Option 3: General education classroom placement with itinerant specialist assistance

- Teaching takes place in the general education classroom but the student also receives supportive
services from itinerant teachers.
- Itinerant teachers may deliver the support services to students either inside or outside the general
education classroom, depending on the school’s arrangement.

Option 4: General education classroom placement with resource room assistance (pull-out program)

- Resource room teachers offer direct services to students with disabilities, usually within a separate
resource room within the school.
- They provide individualized remedial instruction in specific skills to small groups of students.
- Resource room teachers often provide supplemental instruction that supports and parallels the
instruction given in the general education classroom.
- Resource room teacher can also help general education teachers plan and implement instructional
accommodations for students.

Option 5: Special education classroom placement with part-time in the general education classroom

- The student’s primary placement is in the special education classroom within the same school building
as peers who do not have disabilities.
- The student’s academic program is supervised by a special educator

Option 6: Full-time special education classroom

- Similar to option 5 but contact with non-disabled peers is exclusively social


- Teaching takes place in a separate classroom
- Socially interacts with students outside the classroom setting (lunch/snack time, carpool, school bus,
or school activities)

Option 7: Special Day School

- Students attend a school different from that of their neighbourhood peers.

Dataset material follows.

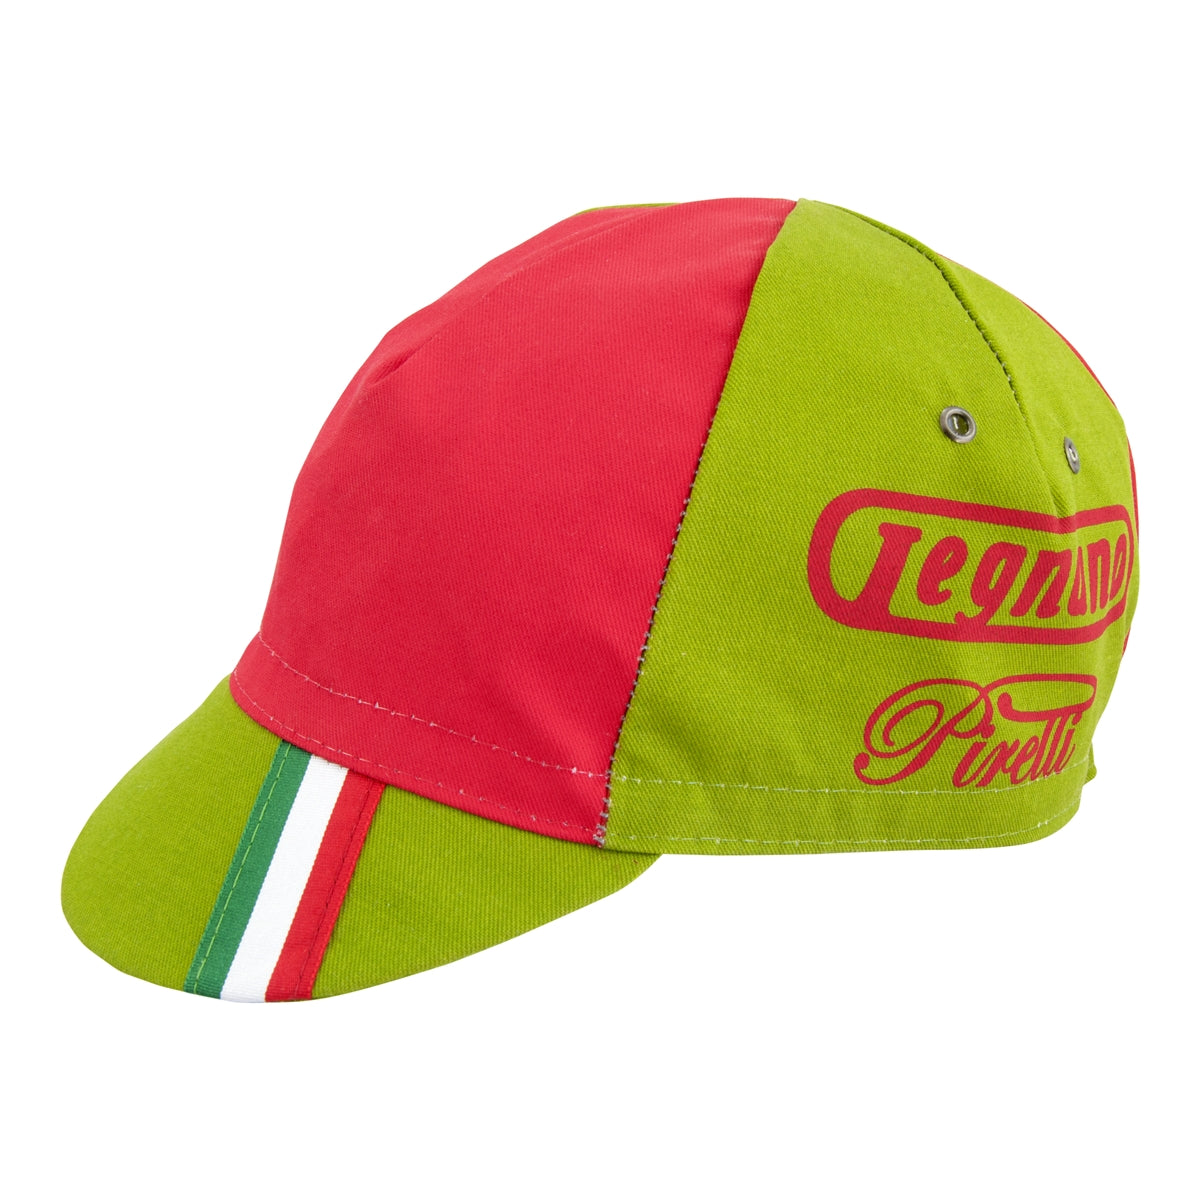 Apis Legnano Pirelli Vintage Cycling Cap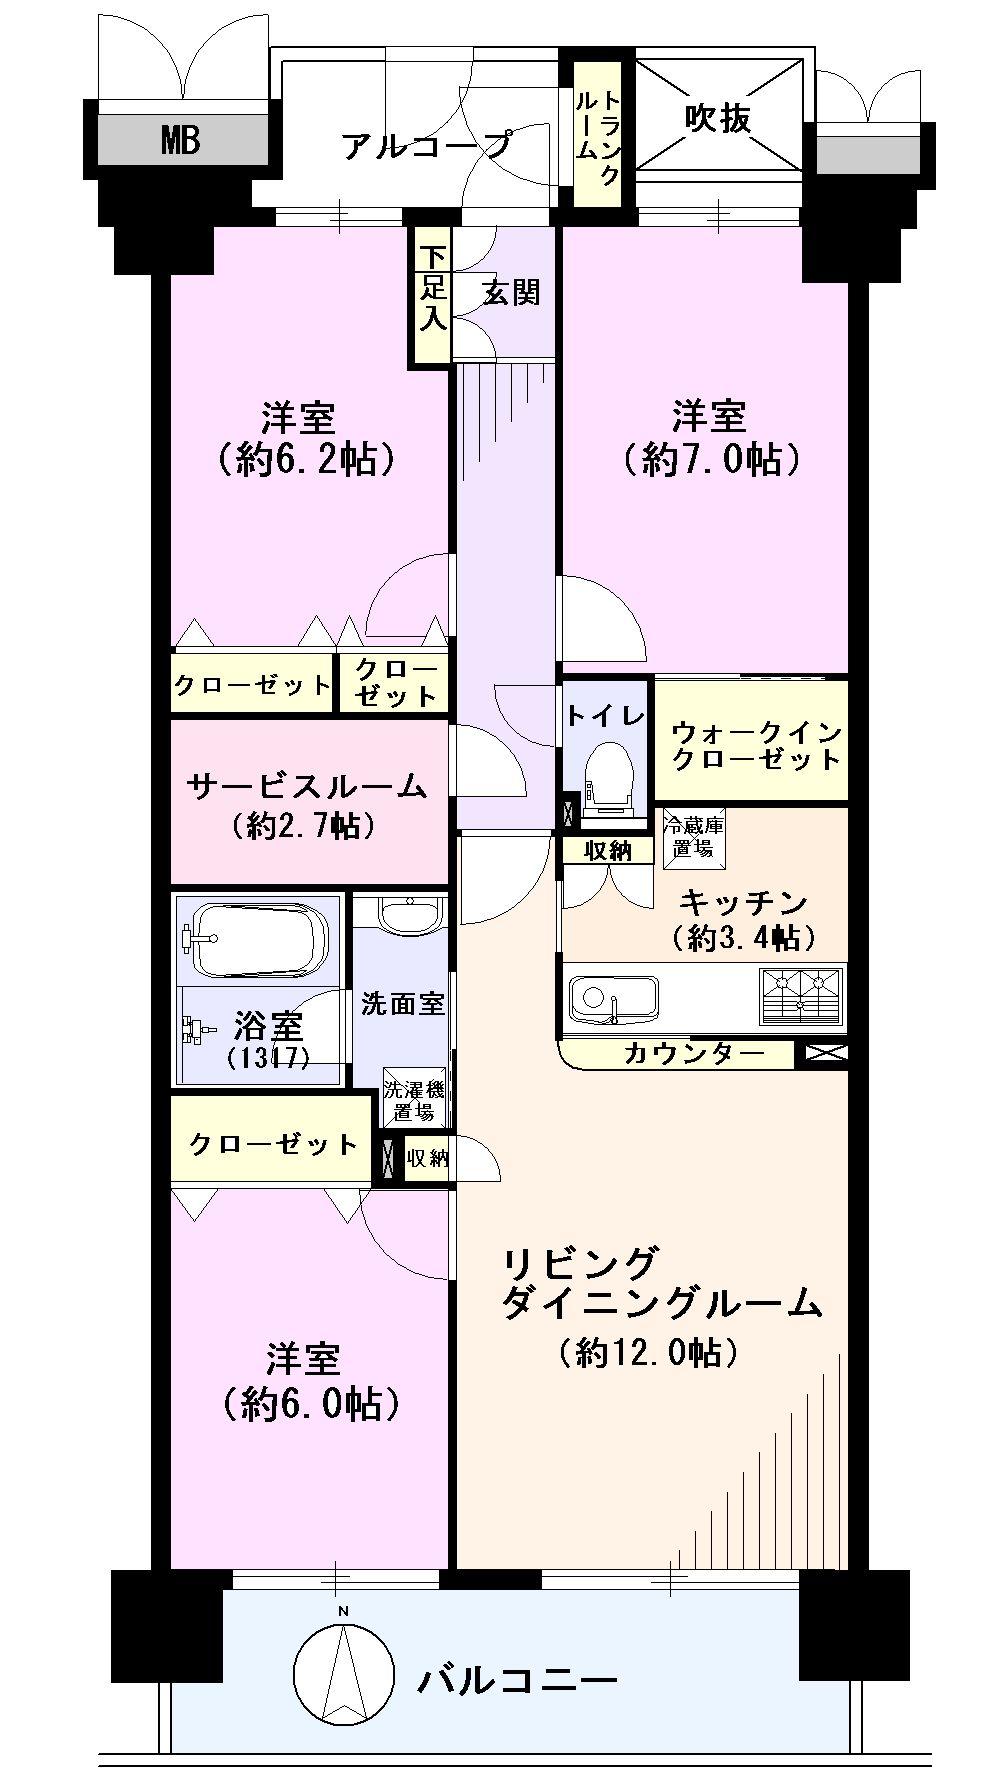 Floor plan. 3LDK + S (storeroom), Price 42,800,000 yen, Occupied area 80.18 sq m , Balcony area 11.34 sq m

- Highly restrictive and is used with students with more severe emotional, physical, and cognitive
disabilities

Option 8: Residential School

- In this placement alternative, students live within the school and participate in a 24-hour program
- In addition to providing education, residential programs offer the comprehensive medical and
psychological services that students may need.

Option 9: Home-bound Instruction

- Applies to students who are recovering from surgery, illness, or who may have been suspended from
school
- A teacher teaches the student at home
- Technological advances now allow students who are home-bound to interact and take classes with
their peers at school

Option 10: Hospital-bound Instruction

- Practice of this alternative placement has been reduced but is still being practiced by few.
- Education takes place at the hospital especially if students have health issues and need medical
supervision 24 hours a day.

X. Factors that Contributed to the Movement to Educate Learners in Inclusive Classrooms:

1. Normalization

- By definition: seeks to provide opportunities, social interactions, and experiences that parallel those
of society to adults and children with disabilities
- Experience of people with exceptionalities (in terms of education, employment, housing, social and
leisure opportunities) should resemble as closely as possible the opportunities and activities enjoyed
by their non-disabled peers.

2. Deinstitutionalization

- Until recently, individuals with disabilities were placed in institutions that isolated them from society.
- Due to the terrible conditions found in many institutions along with the awareness of the many
negative effects of institutionalization, said establishments were shutdown and smaller, community-
based independent living arrangements were developed.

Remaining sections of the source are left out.